Como es sabido, los mejores novelistas norteamericanos de los años ’30 y ’40 trabajaron para Hollywood: de Faulkner y Fitzgerald a Hammett, Chandler, Jim Thompson y Cain. Lo hicieron, como es sabido, con más infortunio que fortuna, porque lo que mejor hacían en sus libros era intragable para el Hollywood de la época. Se desquitaban poniendo en sus novelas lo que no podían poner en sus guiones. Esas novelas no se traducían en la cavernaria España franquista, pero afortunadamente, por esa misma época, en Buenos Aires y México sí se empezaron a traducir, en editoriales fundadas por republicanos españoles en el exilio, pero con traductores que eran todos argentinos, uruguayos o mexicanos. De ese mix viene el famoso castellano neutro, esa lengua tanto más fluida e idónea para traducir novelas que el castellano retórico, castizo, de España. Los escritores españoles nunca aprendieron esa lección básica de narrativa porque, a diferencia de nosotros, no aprendieron a escribir novelas leyendo esas traducciones: aprendieron a escribir leyendo en castizo.
Por estar en París y no en su patria, el joven Marías vio todas esas viejas películas yanquis en idioma original y no dobladas. Por estar en París, oía hablar francés por la calle, en lugar de su lengua natal. Cuando volvía cada tarde de la Cinemateca a la máquina de escribir, creía que estaba escribiendo en una lengua propia dictada por aquella dieta de películas en blanco y negro. Pero, sin saberlo, estaba escribiendo en castellano neutro, en un intuitivo y espléndido castellano neutro, por completo liberado de esa modulación castiza que hace tan retóricas, pesadas y redundantes las novelas españolas.

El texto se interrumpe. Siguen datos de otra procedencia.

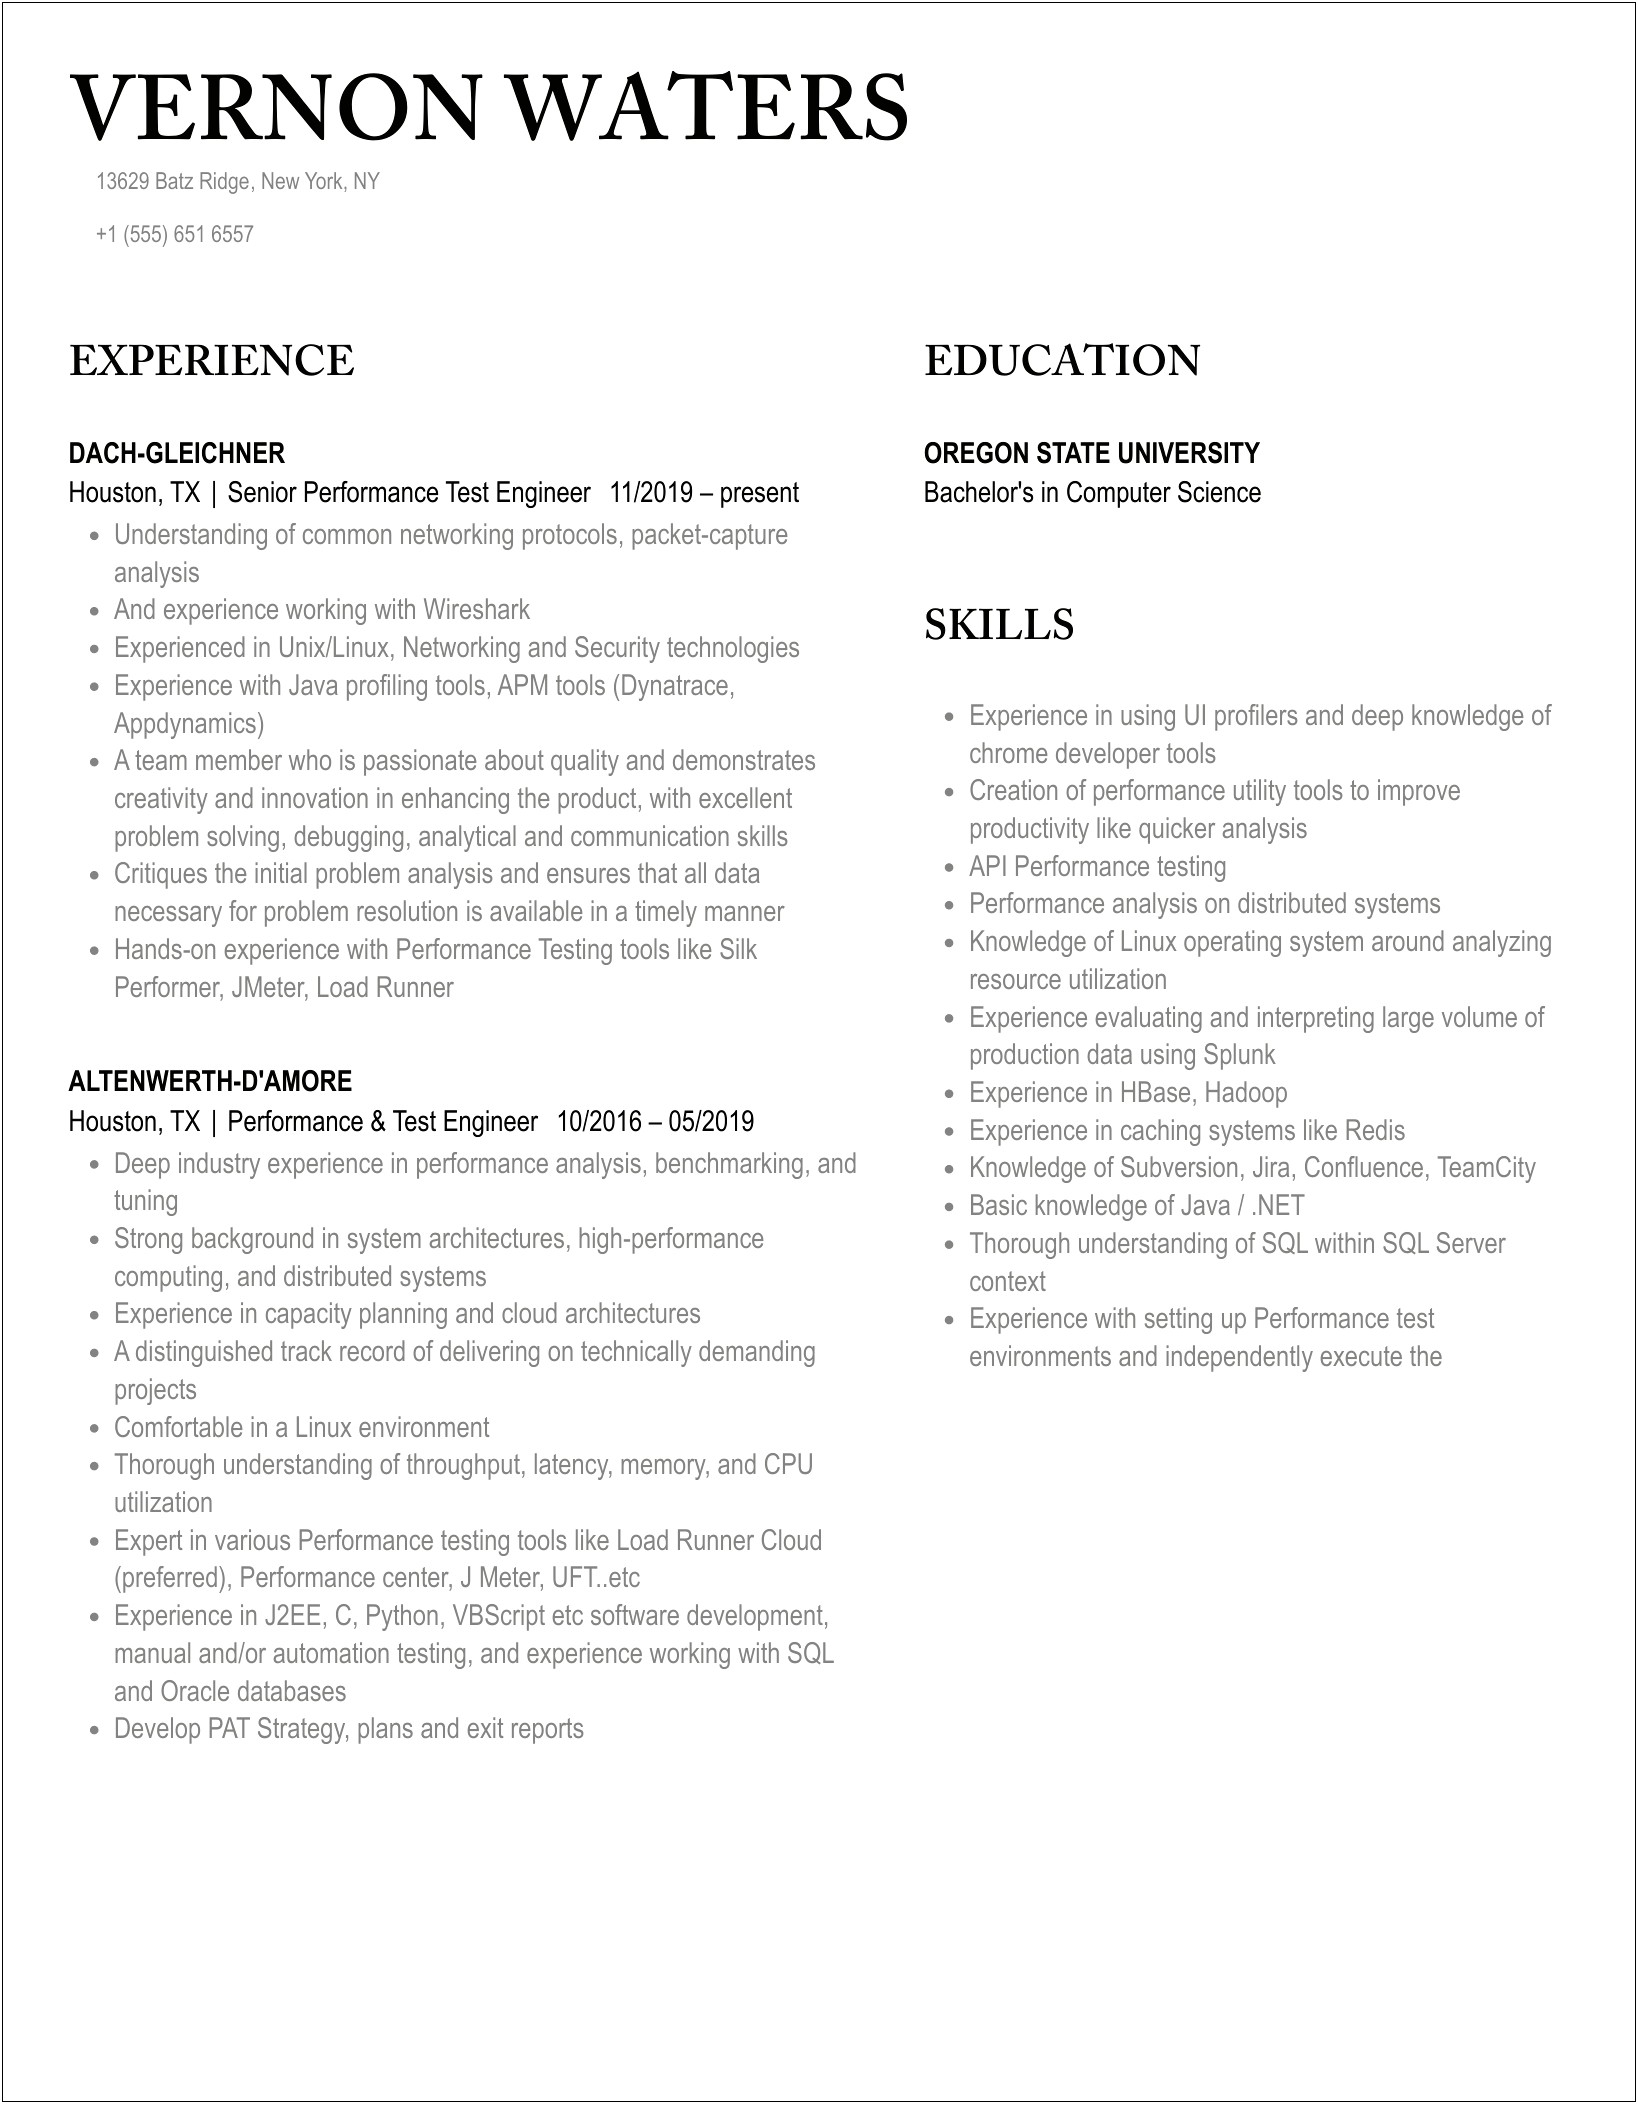 Performance Tester Resume 5 Years Experience

Podría cerrar estas líneas con una malhumorada moraleja (como bien sabemos, el joven Marías creció y se convirtió en un escritor serio, en un escritor español; como bien sabemos, los españoles coparon a partir de los ’80 el mercado editorial y empezaron a propinarnos esas insufribles traducciones de novelas al castizo que abundan hoy), pero ya tengo suficiente malhumor con el dolor de muelas; prefiero distraerme pensando que aquellos traductores argentos, yoruguas y mexicas de los ’40 traducían como traducían porque antes o después de su jornada diaria frente a la máquina de escribir se iban al cine, a ver las mismas películas que el joven Marías vio veinticinco años después en la Cinemateca de París, y por eso es que Los dominios del lobo es hermana involuntaria de esa noble y olvidada lengua común que fue la puerta de acceso a la literatura para todos los jóvenes latinoamericanos que empezaron a escribir desde los años ’40 para acá.